Он деятельно готовился к исходу. Купил карту России и начал изучение родных просторов. Просторы оказались огромными: можно было помёрзнуть у берегов Северного Ледовитого океана или погреться на камнях Чёрного моря. Вариантов было очень много, и в каждом были свои преимущества и недостатки. Филипп растерялся. Поэтому он однажды закрыл глаза и ткнул в карту наугад. Палец упёрся в побережье Белого моря. Это обстоятельство несколько озадачило будущего путешественника. Навыков выживания в экстремальных условиях у него не было, и наш герой имел все основания опасаться, что подвиг спасения себя как личности может не состояться ввиду безвременной кончины указанной личности. Филипп задумался. Ему всегда нравилось состояние задумчивости. Особенно если оно сопровождалось чашкой ароматного кофе и уютным креслом. Ехать или не ехать? Этот гамлетовский вопрос был вскоре решён положительно – самолюбие нашего Колумба уподобило его основателям древних северных монастырей.
Исход из цивилизации был назначен на август (комаров меньше, да и финансовый отчёт никто не отменял). Слёз прощания и грустных речей Филипп не ожидал, так как мир не замечал его никогда и уж тем более не заметит его отсутствия. Главным его другом в поездке было только одно существо, и оно было чемоданом. Жёлтым, обшарпанным и очень одиноким чемоданом.
Как он ни надеялся, но путешествие в поезде, имеющем довольно странные для XXI века особенности, не обладало никаким ореолом святости. Богородица, явившись из-за облаков, не указывала ему путь, архангел Михаил не оберегал от козней злонравных чертей. Последние появились в поезде в виде компании молодых людей, в чьей речи напрочь отсутствовали причастные и деепричастные обороты. Поняв это, Филипп решил ретироваться в тамбур. Там он грустил в дуэте со стаканом холодного чая.
Через два дня он вышел на неопределённой станции где-то в глуби ветреных просторов Русского Севера. Тишина стояла вокруг него и держала руку на плече. Верхушки огромных сосен угрюмо прятались в облаках. Филипп глубоко вдохнул и направился прямо в лесную чащу. Ему казалось, что где-то близко должно быть море.
Море показалось через три дня. Голодный и злой Филипп почти равнодушно увидел его за медными стволами сосен. Оно было холодным и чертовски серым. Попытку искупаться возмущённый разум отверг без комментариев. И Филипп приступил к созданию временного жилища.
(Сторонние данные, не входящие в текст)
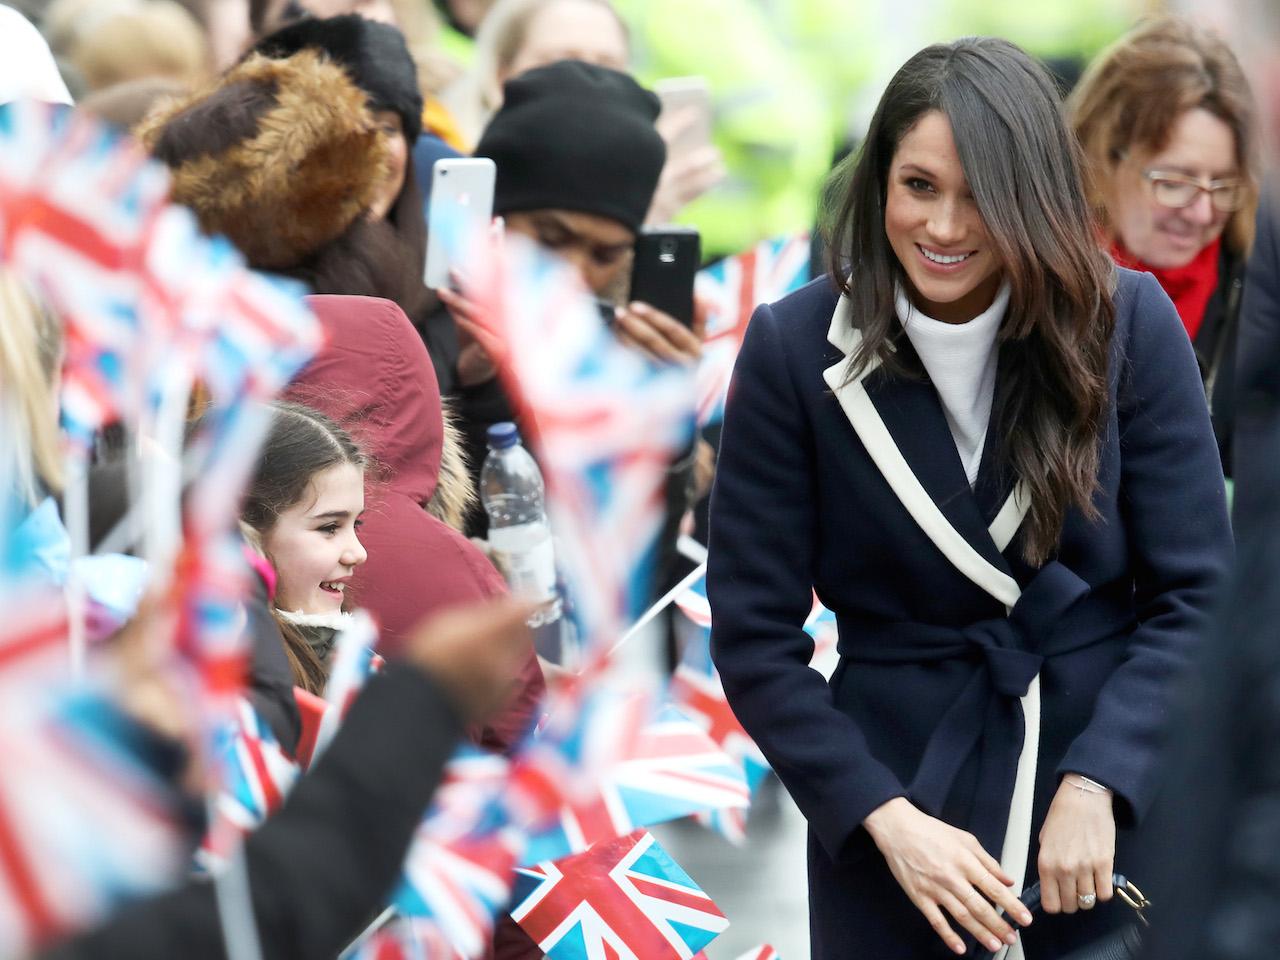 MEghna markle hair-Prince Harry And Meghan Markle Visit Birmingham

Оно не желало создаваться в течение нескольких часов: столбы палатки необъяснимым образом падали, топор с топорища улетал в неизвестном направлении, какие-то животные неодобрительно смотрели из-за кустов. В конце концов, жилище приняло вид нескольких еловых ветвей, прислоненных к стволу большого дерева.
По прошествии некоторого времени выяснилось, что пища, о которой Филипп думал в течение двух последних часов, ничем не могла ему помочь, поскольку пришла в совершенную негодность. А ведь там, в проклятой цивилизации, был магазинчик за углом, где при наличии денег можно было бы добыть что-то съестное. Что же оставалось делать Филиппу? Охотиться он не умел. Да и крупных животных он видел только в зоопарке. Даже убийство таракана стоило ему больших моральных затрат и часто происходило непредумышленным образом. Он начал размачивать макароны в воде и печь хлеб на костре. Но последний вскоре погас – почти все спички отсырели.
Ночью Филипп спал плохо. Ему казалось, что какие-то любопытные чудовища заглядывают в его жилище. Однажды он очень явственно услышал, что кто-то ходит вокруг шалаша, треща сухими ветвями.
Так прошла неделя.
…На месте стоянки Филиппа – лишь чёрные угли да разваливающийся шалаш. Вокруг тишина, возможная только в этих местах. Волны с громким шуршанием накатываются на холодные камни. Но где же Филипп? Он стоит на знакомой станции и с надеждой смотрит в сизую даль, откуда должна появиться грохочущая железными колёсами цивилизация.